31 gennaio 2009 alle 14:58

eh ma così non è giusto…sniff…

giovedì 29 gennaio 2009

Il cielo ed io

28 gennaio, ore 22,30

 

Qualche sera fa, guardando dal mio letto il cielo oltre il lucernario, mi si è quasi fermato il respiro per la bellezza dello spettacolo che mi offrivano le stelle… avevo di fronte, incredibilmente brillante, la costellazione di Cassiopea con la sua inconfondibile forma a doppia vu, e poco più il là, altrettanto nitide, le Pleiadi. Mi sono alzata sul letto e, naso contro il vetro nel buio completo della mia stanza,ho provato la stessa emozione di sempre nel guardare il cielo meraviglioso che nelle notti limpide sovrasta la campagna poco illuminata in cui abito, ed ho salutato in un sussurro commosso anche l’affascinante Orione ed il poco riconoscibile Perseo, rimanendo per un bel po’ ad ascoltare il battito profondo dell’universo sopra di me. Mi capita spesso, quando Carlo lavora di notte, di stare sul terrazzo a godere della bellezza del cielo, o di dormire con l’oscurante del mio lucernario aperto per sentire la compagnia delle stelle o della luna… da qualche anno l’astronomia è entrata nel mio cuore, ed è sempre un’emozione per me riconoscere una costellazione,  e magari riuscire a puntare con il telescopio proprio la stella o il pianeta che voglio osservare… 
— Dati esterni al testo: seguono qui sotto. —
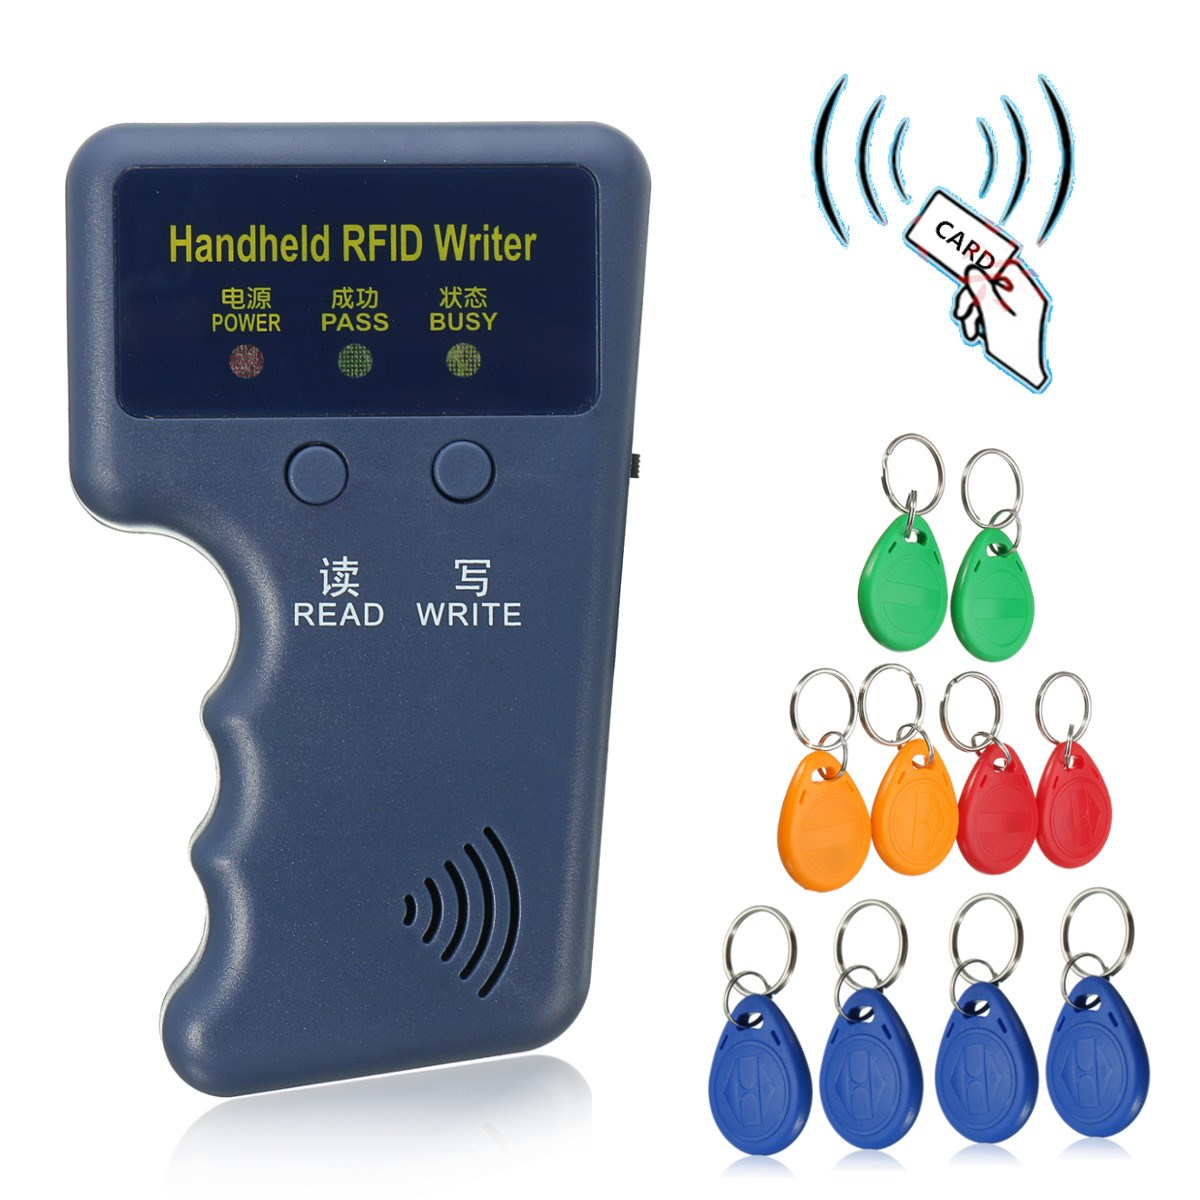 Handheld 125 KHz EM4100 RFID Copier Writer Duplicator Programmatore Reader + 10 Pz Riscrivibile ID Keyfobs EM4305 T5577 Tag Carta

Ieri mattina mi sono alzata un po’ prima che suonasse la sveglia,  e mentre sorseggiavo il mio solito bidone di caffè lungo sono uscita in giardino e naturalmente ho guardato in alto… il grande carro  mi si è presentato davanti solitario, maestoso, nitido con le sue sette stelline, e sarei rimasta a naso all’insu a guardarlo fino al sorgere del sole se solo non avessi dovuto recarmi al lavoro. Ho pensato, oggi sarà per forza una buona giornata.

In quei momenti provo qualcosa che somiglia molto alla felicità. Lo so che può sembrare assurdo, l’umore di una giornata non può certo essere condizionato dal cielo più o meno limpido o da una costellazione più o meno evidente, non è questo che intendo… ma una notte limpida mi dà sempre la consapevolezza dell’immensità in cui siamo immersi, un mattino stellato mi fa iniziare meglio la giornata, e soprattutto mi fa sentire parte di un disegno divino… il che detto da una quasi atea credo la dica lunga su come mi sento.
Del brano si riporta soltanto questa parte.